Le problème de la traduction de l’évangile en langue africaine se résume comme suit (Sanon, 1970) : comment garder la chaleur et la tonalité de la communication orale à l’écrit ? Les structures de l’oralité déjà définies au chapitre précédent au sous-paragraphe 2.2.5.1 peuvent se résumer à un public réceptif, conditionné dans le temps et l’espace, dans lequel le diseur et les auditeurs se sentent partie prenante. Le texte

doit être mémorisé et proféré à portée de voix selon un rythme de diction qu’accompagnent et mettent en valeur les instruments de musique. Traduire l’évangile implique donc beaucoup de facteurs :

Traduire l’évangile dans une langue nouvelle impliquait donc comme on le voit d’être averti en linguistique et en sciences théologiques au départ et plus fondamentalement, cela supposait une connaissance des lois de l’oralité afin que même traduit, le message demeure fidèle aux structures d’un message vivant à proclamer (Sanon, 1970 : 102).
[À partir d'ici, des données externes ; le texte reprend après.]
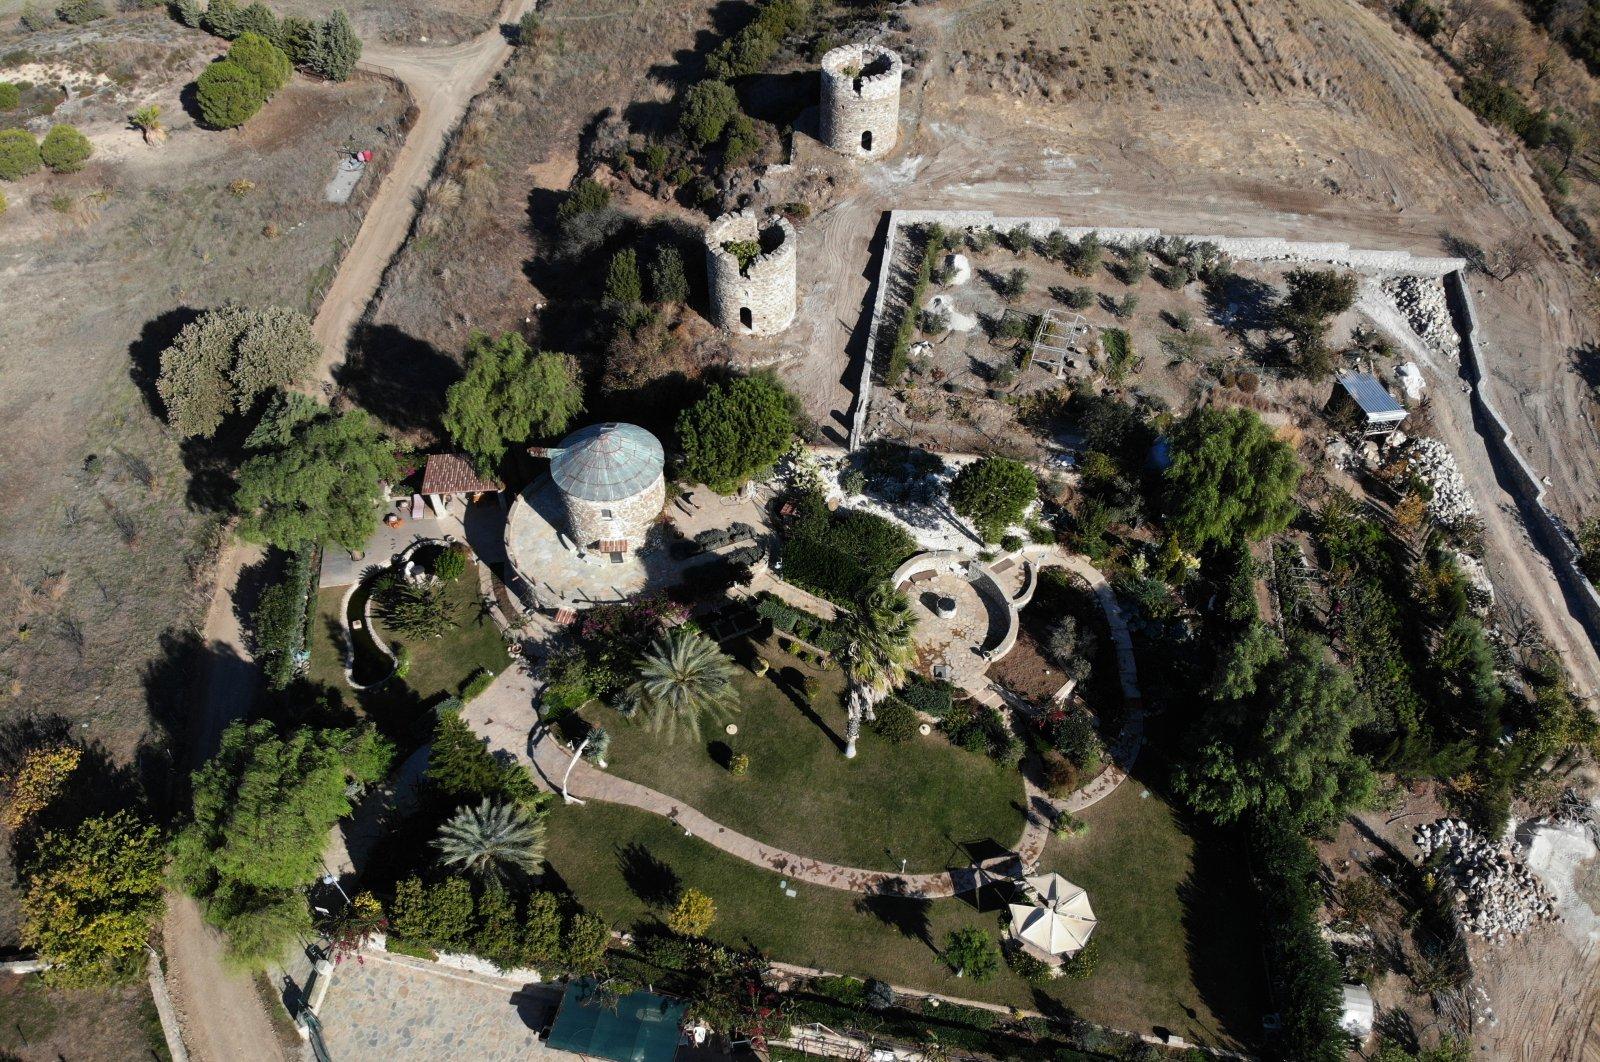 An aerial view of Ali Avseven's garden where he grows saplings and plants trees, Datça, Muğla province, western Turkey, Dec. 3, 2020. (AA Photo)

Ainsi, il ne suffisait pas de comprendre la langue, mais il fallait aussi être imprégné des lois et règles de la communauté. Or, les Africains ont souvent reçu l’évangile à la

‘manière européenne’ et le fait que cette annonce de la bonne nouvelle se soit faite dans un contexte général de colonisation a eu une influence certaine sur la réceptivité de l’audience. Mais, une expérience de proclamation de la parole décrite par Sanon (idem) démontre qu’au-delà de ce braquage des Africains contre les colons/missionnaires et leur évangile, il y avait un vrai problème de fonctionnement des textes, lié au moyen de sa proclamation. Le message n’a sans doute pas été adapté au ‘genre’ (De Vries, 2001) familier de la société réceptrice.

En proposant des solutions au malaise linguistique constaté, Sanon (1970 : 25) va plus loin en proposant que les communautés africaines prennent la parole eux-mêmes.

Il dit en effet :

D’autres ont parlé pour nous, à notre place, et continuent à le faire ; et si nous devons parler, c’est aussi devant eux, selon leur libellé, à leur manière. Il y aurait là une récupération à tenter : que les communautés africaines prennent aussi la parole ! Ainsi, nous parlerions nous-mêmes, pour traduire à nous-mêmes, devant les autres sans doute, le contenu natif et naïf de notre adhésion à la foi.

Chez les catholiques, le problème de l’utilisation des langues vernaculaires s’est posé de manière plus importante à partir du concile Vatican II en 1962, où les Africains ont revendiqué l’inculturation. Mais il faut dire que bien avant ce concile, des traductions vers les langues locales avaient déjà été entreprises pour l’évangélisation.

Ainsi, le père Alexandre à Ouagadougou traduisit l’évangile en mooré, le père Bonny en gulmacema et dans le même souci de mettre l’évangile à la disposition des fidèles, le père Dumas lança le premier essai de la grammaire goin, permettant ainsi à plusieurs jeunes de lire en goin (Sandwide, 1999 : 176).

Les difficultés linguistiques et traductologiques notées à la période coloniale se sont répercutées et se ressentent toujours pour la plupart sur la période actuelle.